It was essential for me to go to the countryside within today for picking up daily necessities.  Around 9 in the morning (my guessing from the sun’s position) I said farewell to the old man and began trudging north along the road which I had come yesterday.

At the foot of the embankment running along a river, where several temple’s halls and towers had been, nothing remained except foundations — cracked stones and rocks — left in disarray. Now that the whole city has turned into a vast graveyard with smells of death, this old area is now the cleanest, driest and most cheerful graveyard. 

Once out of the city area, the road looked rather ordinary, except that all plants — roadside glass, rice in the rice fields and even bamboo bushes that ran parallel to the suburban railway -were burnt and charred on the south side.  On two train carriages lying sideways in grass sparrows were playing in groups.

5. Country Farm House

By the time I at last arrived at the foot of the Mount T…, the sun had long set.  When I stepped into the farmhouse with stone walls through its dark entrance without a word, the whole people of the house nearly screamed.  “You, Madame, were alive!” the wife, a small stature, came out and cried out.  An old farmer with a tanned face came out from darkness of the cowshed and uttered, “You’ve been all right?!”  The entire family surrounded me and screamed. 

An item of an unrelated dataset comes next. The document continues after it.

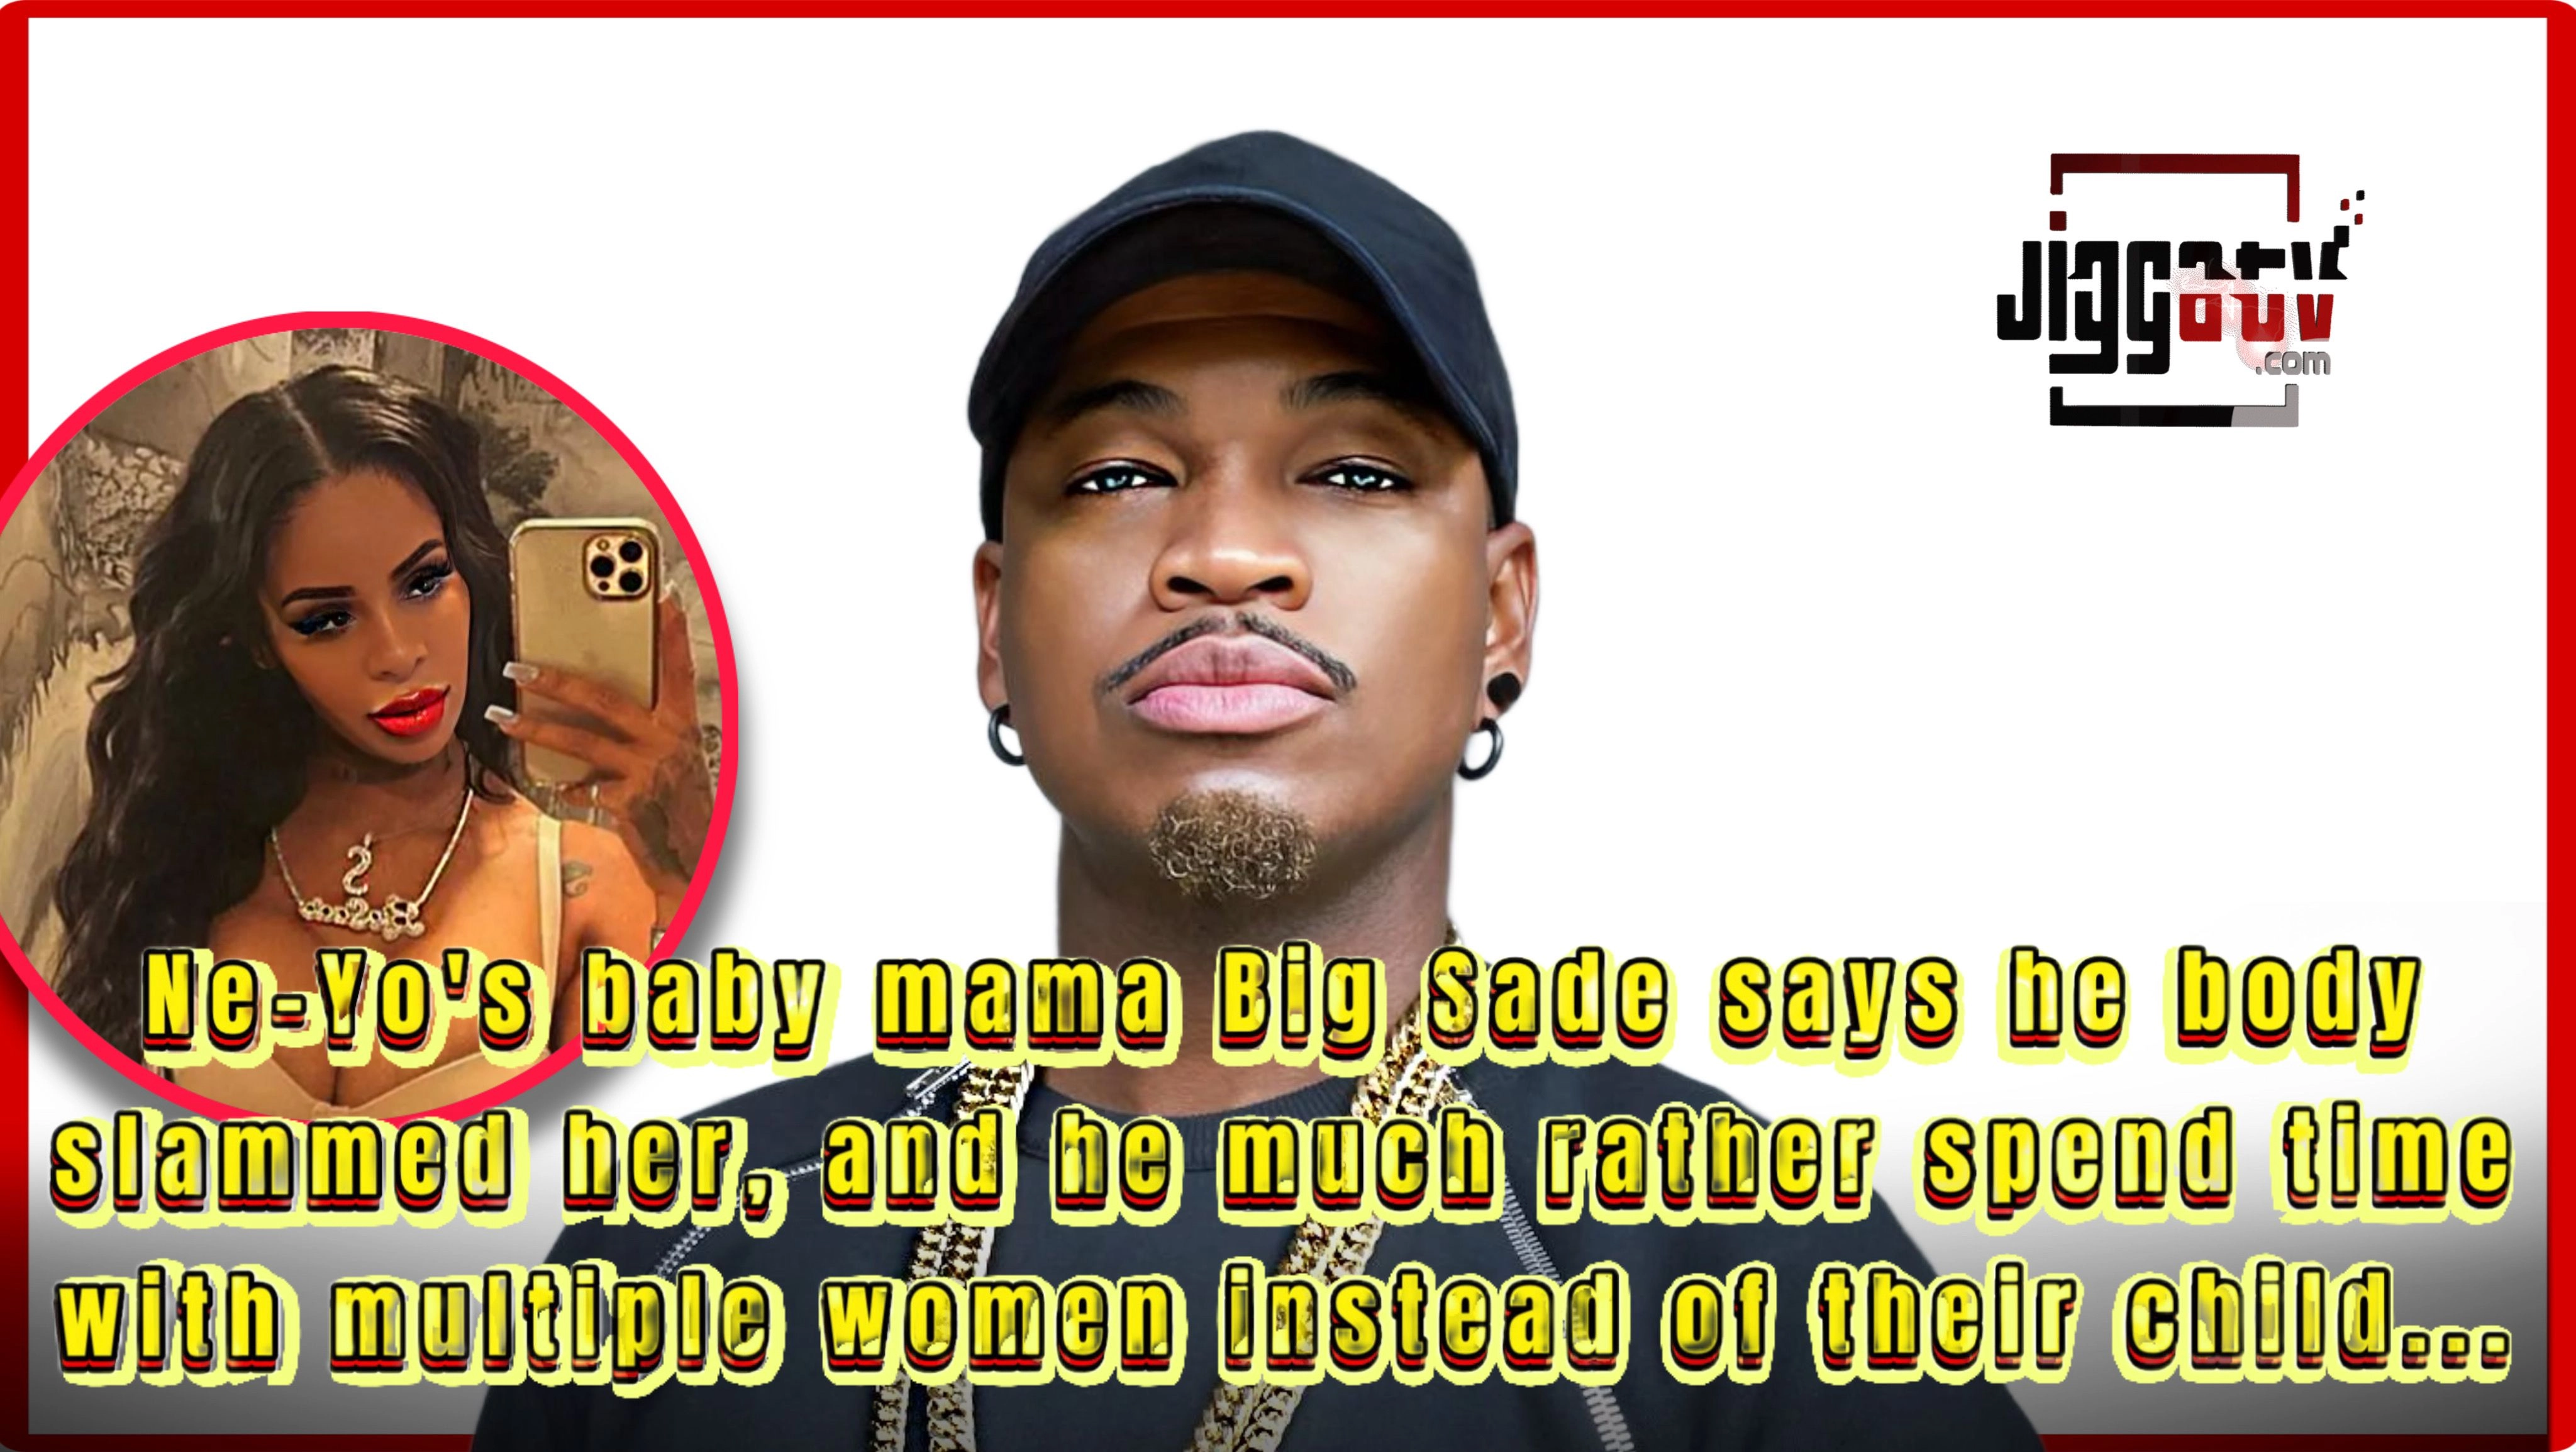 Ne-Yo’s baby mama Big Sade says he body slammed her, and he much rather spend time with multiple women instead of their child...

They had thought all along that I had been dead, because I had never showed up even two days or three after the atomic bomb disaster against my promise to come as soon as I became homeless.  I summed up the story of my saved life but they were not satisfied.  Tired out, I was hazily looking at the ceiling, ancient-looking and blackened with soot, while they kept asking me questions after questions.

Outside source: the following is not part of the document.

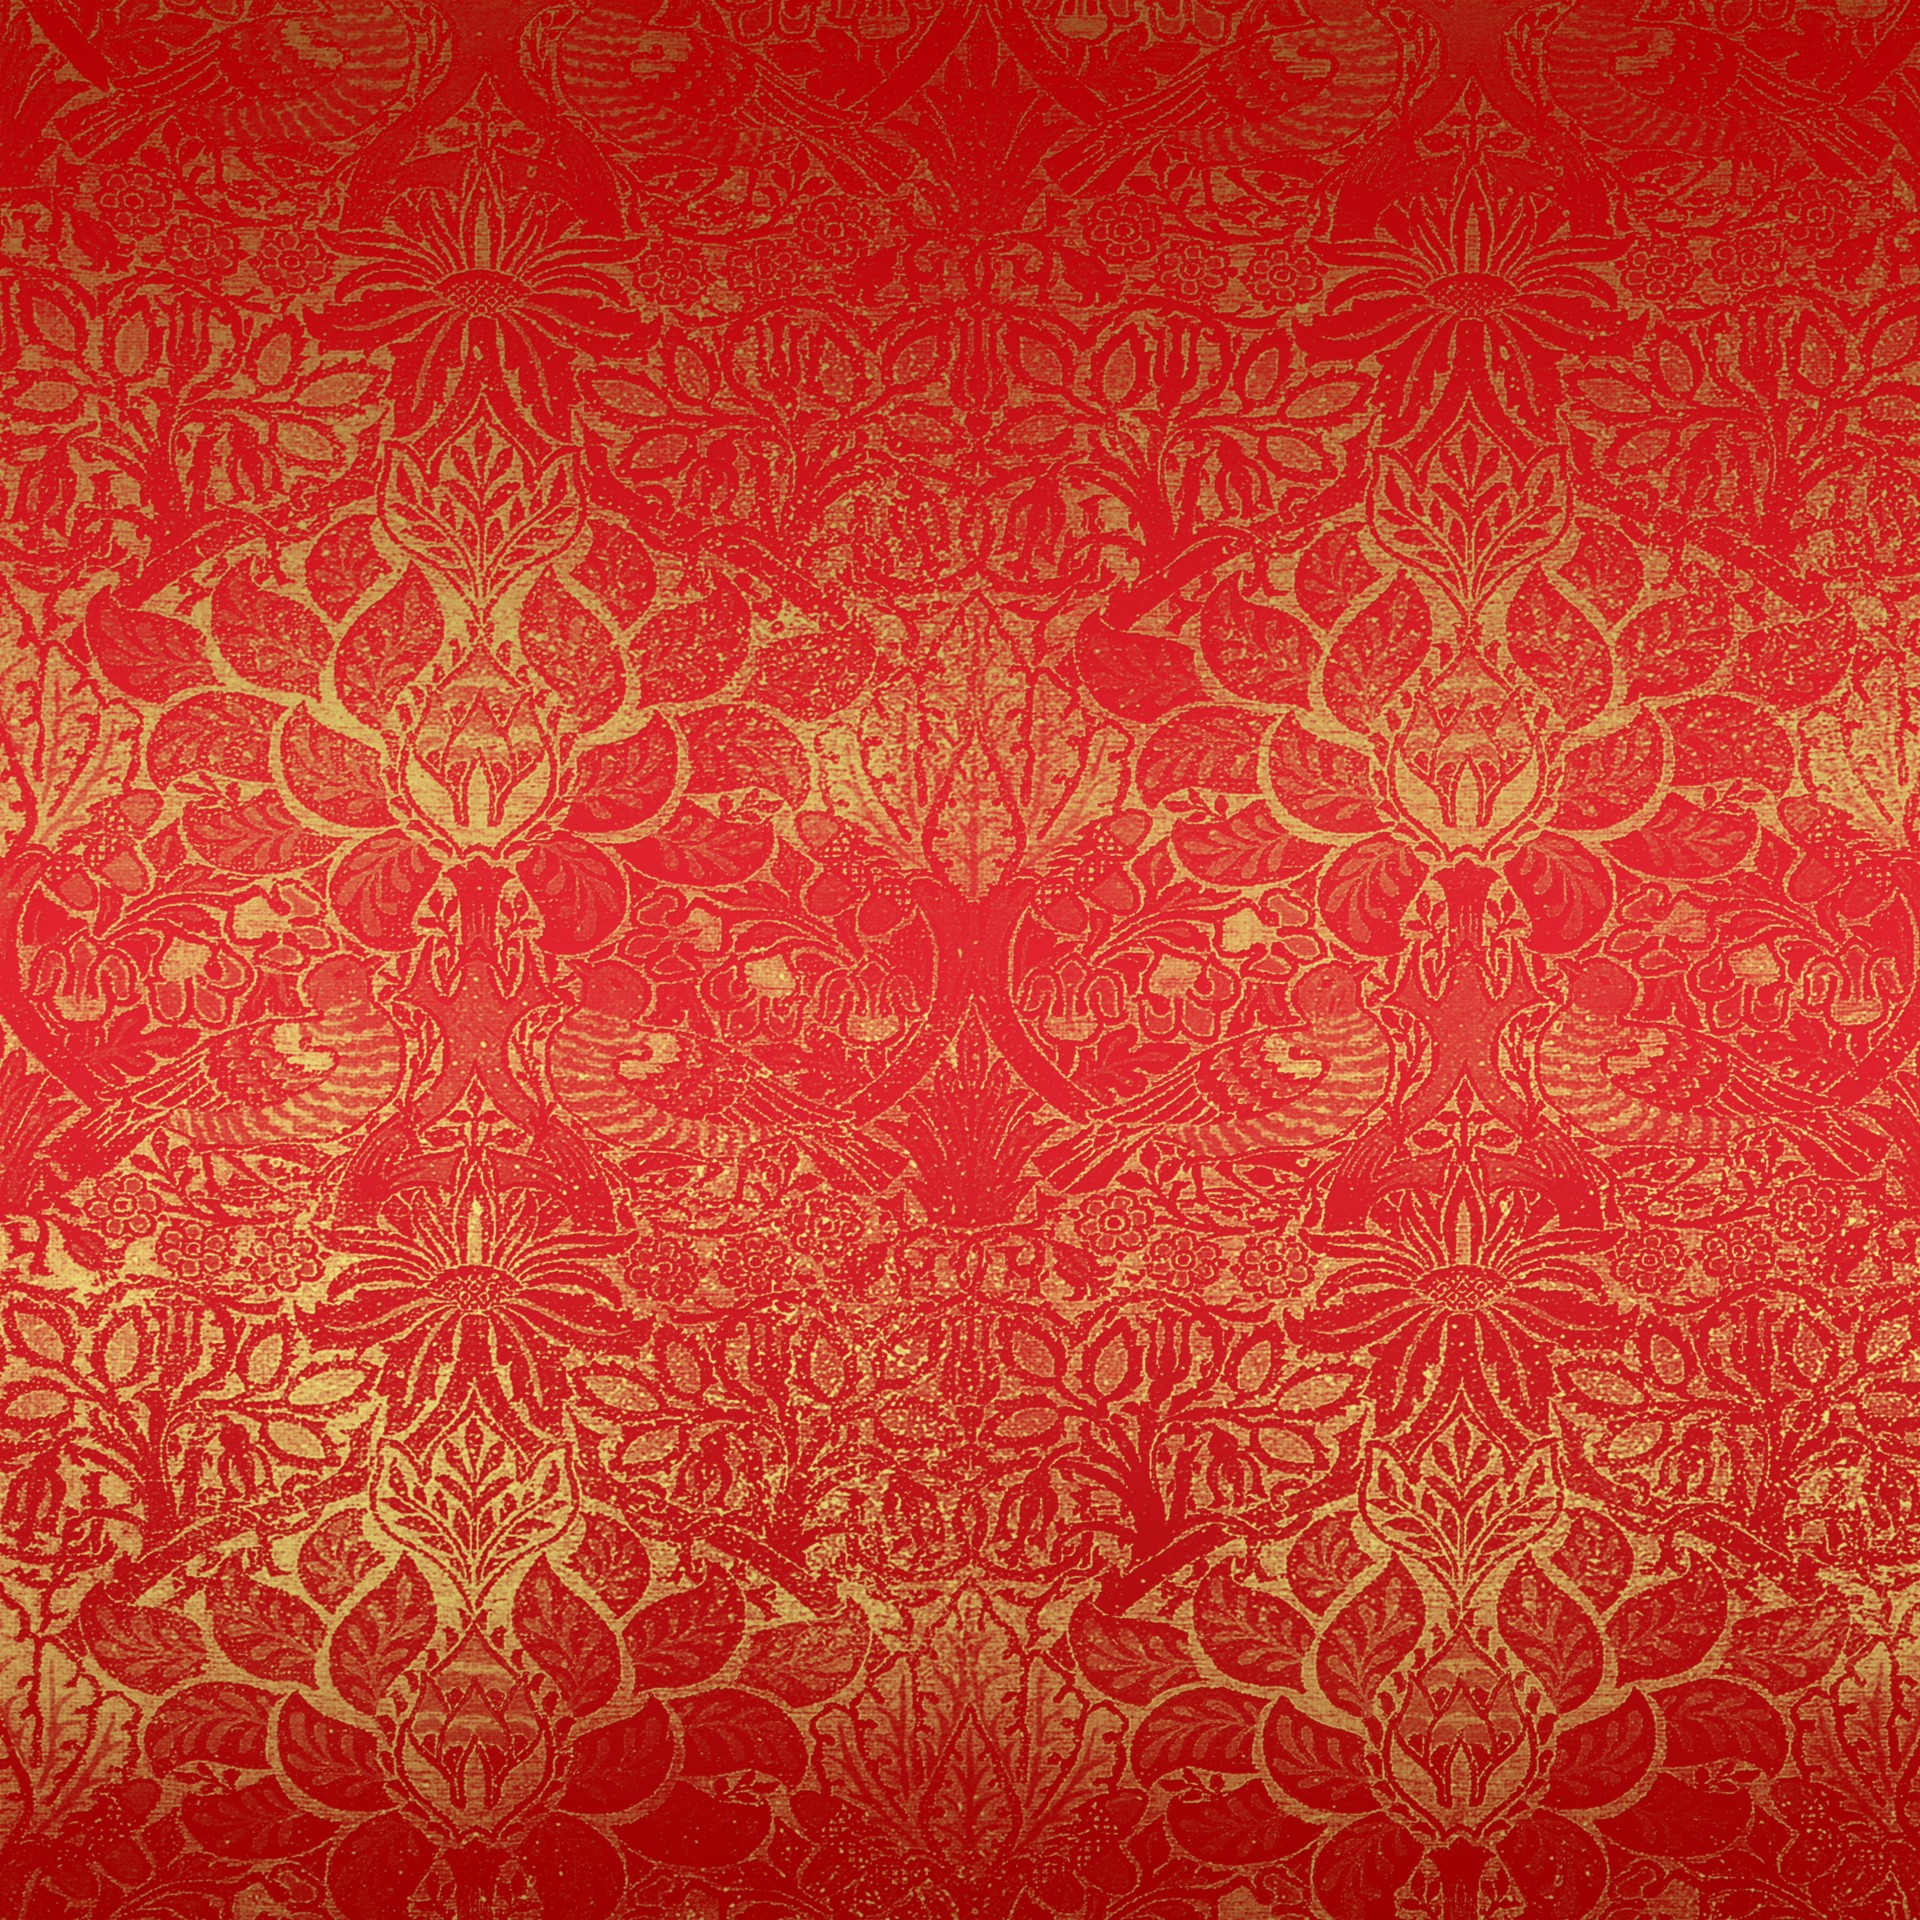 grunge floral red gold effect background paper papers free photo

No member of this family went to Hiroshima on that fateful day, whereby the entire family was safe, I was told.

“This girl of mine, on that very day, happened to have a sty on the eyelid and didn’t go to her office.  That saved her life.  Those at the desks in the office all ended up as dead bones, they say.”  The farmer’s wife gesticulated a lot as she told about her oldest daughter, and poked her lightly with her finger.  The daughter grinned herself, squinting at me with her eyelid with the “life-saving” sty.

“As every household except ours in this village has one or more members dead or injured, my heart is heavy for greeting others,” said the farmers’ wife with a perturbed face.

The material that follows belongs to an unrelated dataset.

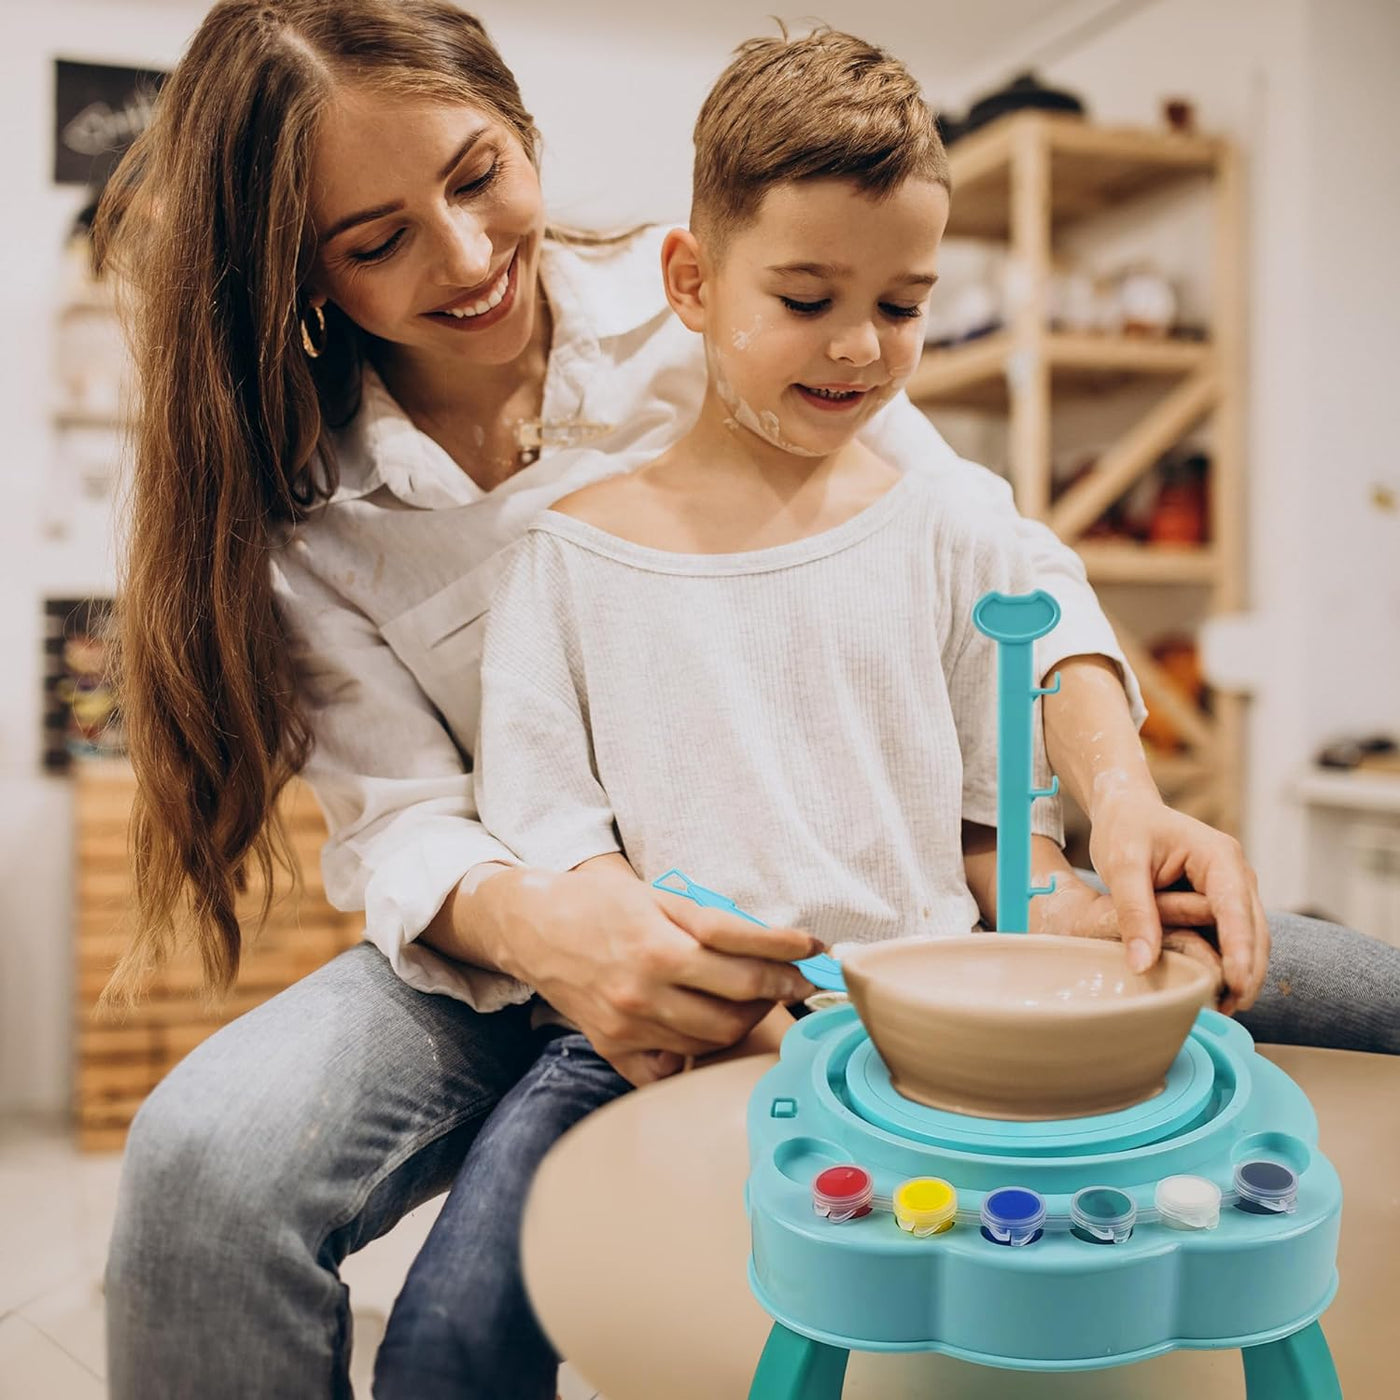 Pottery Kit for Kids - Complete Kids Pottery Wheel Kit with Electric Wheel, Paint, Modeling Clay, & Tools

Told that bath was not available because of frequent air-raid warnings, I went down to the brook in the rear of the farmhouse — no wider than 1.8 meters but blessed with crystal clear water rapidly running from the mountains — and sat on the river-bed, enjoying splashes of cold water to clean my body.

Every time the moon emerged from clouds, wet rock surfaces sparkled, and each willow leaf on the bank shined as though silver-plated.  Faint night wind passed overhead, gently swinging a fig branch on which my clothes were hung. The earth’s pungent fragrance softly touched my nostrils like mellow sake.  Awash in the rapid shallows, my sandal thongs stung sore toes, but that was unexpectedly soothing.

In bed, futon — after days of slumber without it — felt a bit damp, and noisy chatting of the farmer’s family awoke me from dozing.

The farmer’s son, who seemingly came back home from a town along the highway, was informing something to the family.  His rapid, shouting words were difficult to comprehend, but one word “surrender” caught my attention.  His talk was followed by the farmer’s agitated voice and his wife’s shrieking, mixed with the frightened voices of children.

The farmer’s wife came around the garden and said to me, “Madam, this is serious — quite serious!  Japan, after all, was defeated and surrendered.”  She was expecting me to jump up from the bed and join her family in the kitchen, but I just felt languid and cold, with the eyes closed, and remained silent in bed.

The farmer’s wife spoke excitedly, “This — ah means no air-raids hereafter, and my two elder brothers will surely return from the front.  Oh, I’m relieved!”  The farmer retorted, “You fool!  What’s good about losing a war?  Just think of what will come hereafter.  After all, this is catastrophic!”  While the farmer and his wife exchanged hot comments, I heard small boys sobbing.

In the following morning I got up and realized that the farm house was naked, without even a sliding door panel or paper screen in place.  When the flash-bang assailed the vicinity, it wiped out all house fittings and furniture, sending them all flying north, crashing them, I was told.

The roof tiles, likewise, had all been clustered on one side to north, whereby a hole in a ceiling board gave me an exquisite sight of the beautiful sky.  I went out to the house well and found other houses in sight — a house with pumpkin fields, another house with a watermill, and still another one beyond a hemp field — were also stripped bare, entirely open to view.  I could clearly see what people there were doing. 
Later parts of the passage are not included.